In reply to Kayvon:
You're only too old if you've reached an age where you don't have anything left to learn from others! Mentorship doesn't have to be a youth learning from some wizened white haired sage - it could be someone 5 years younger than you who has been running their own business for a few years and that you bumped into at the gym. My understanding of a mentor is just someone who has something you don't and is happy to share enough of their time that you can learn from them (and in a healthy mentoring relationship, them from you too.) There are formal mentorship programmes within industry, i.e. sit down once a week and go through some paperwork on your goals and how your career is developing, however from what you've written it sounds like you're seeking something less formal?
I was listening to an episode of Rich Roll recently and one of the points made around mentorship was that your ideal mentors are probably people you already know, and it's probably different people for different parts of your life.
You focused on work/career in your post but also mentioned personal development. It would be worth splitting these things out and solidifying your reasons for seeking out a mentor, and perhaps with any other aspects of your life. This means starting from a place of introspection, looking at what you want those aspects of your life to look like in the future, what your values around that area of your life are and identifying where you are currently lacking. Depending on how easy you find that kind of self reflection, you might want help at that stage either informally or from a therapist/analyst. You can then start recognising those qualities/skills in others and identifying people who you are able to build relationships with and who would be willing to spend time with you and help you on that journey. As above, you probably already know them and they are probably going to be different people for different things you wish to work on.

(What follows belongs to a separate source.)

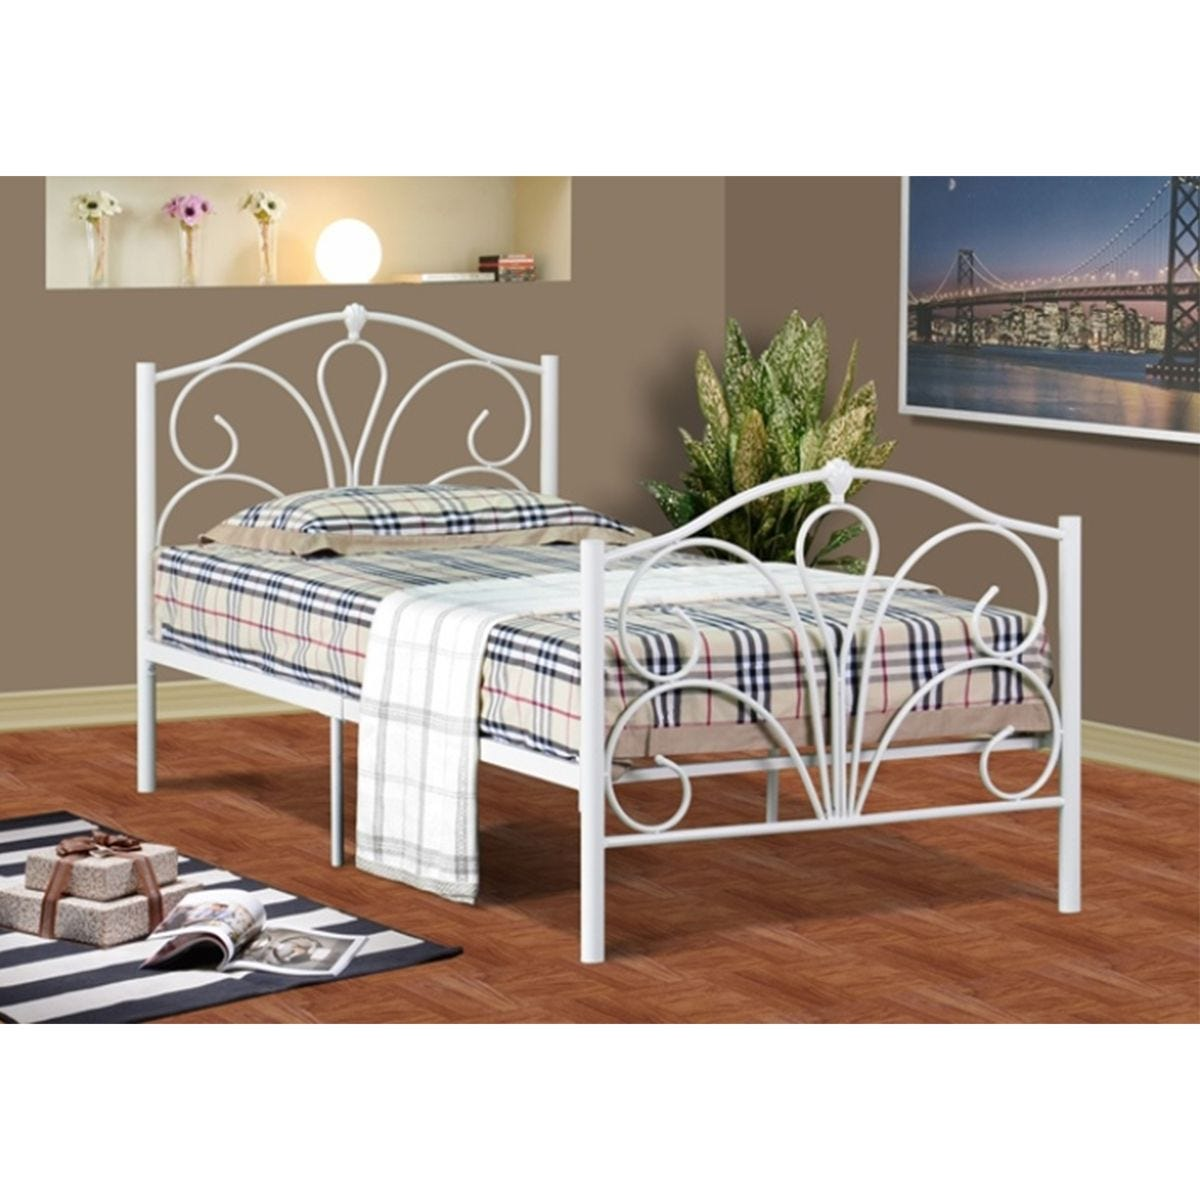 Scarlet Bed Frame - White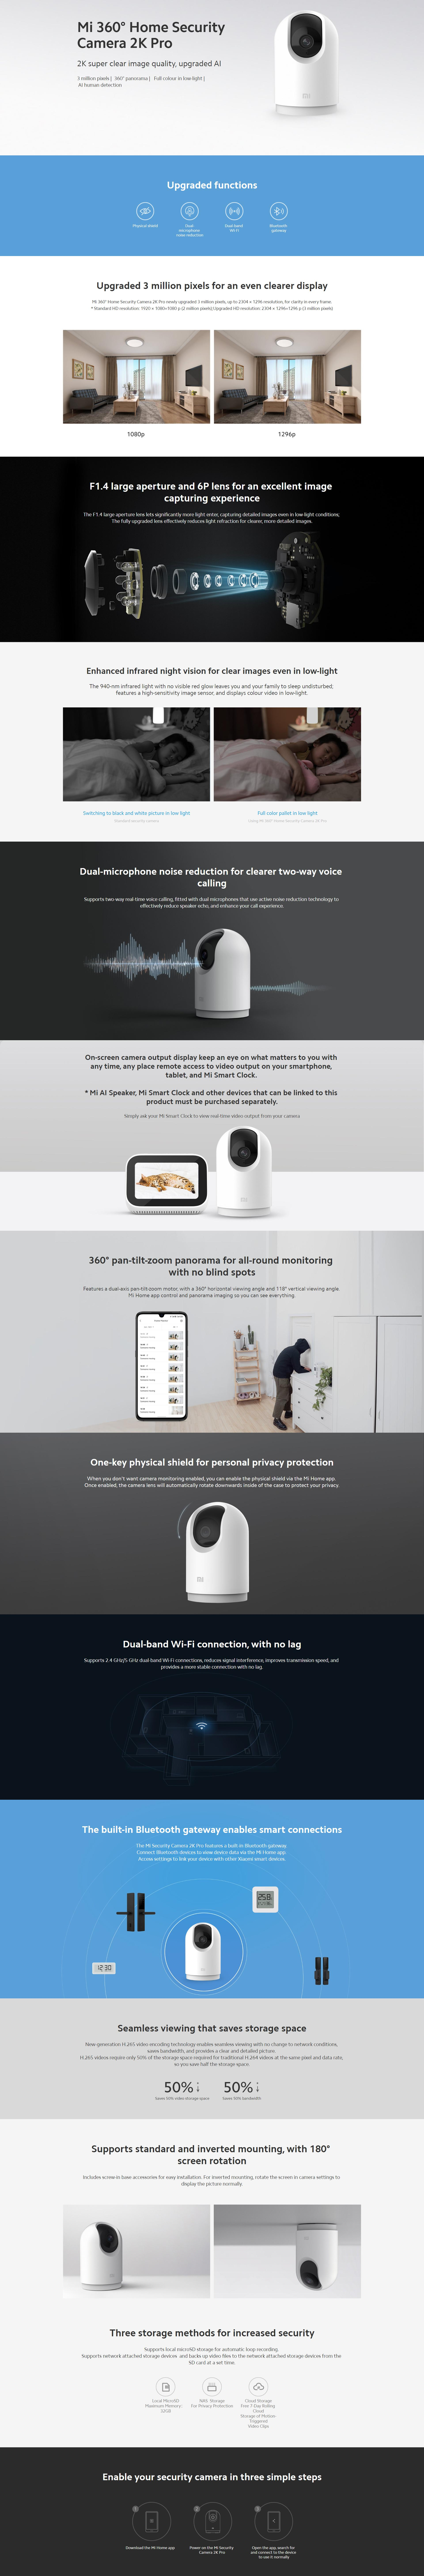 Xiaomi nadzorna kamera Mi home Security 2K Pro

For example, if discipline is holding your climbing back, then find a climbing partner who is already turning up to the crag 3 times a week rain or shine. If a lack of confidence is holding back your career, find someone who used to struggle with that but has overcome it etc.
You also haven't mentioned what it is that has recently led you to see the value in mentorship, and thinking about that might be a good place to start as well.
Also, well done for having the courage to reach out and seek help from others. It's not an easy thing to admit, particularly as one gets older.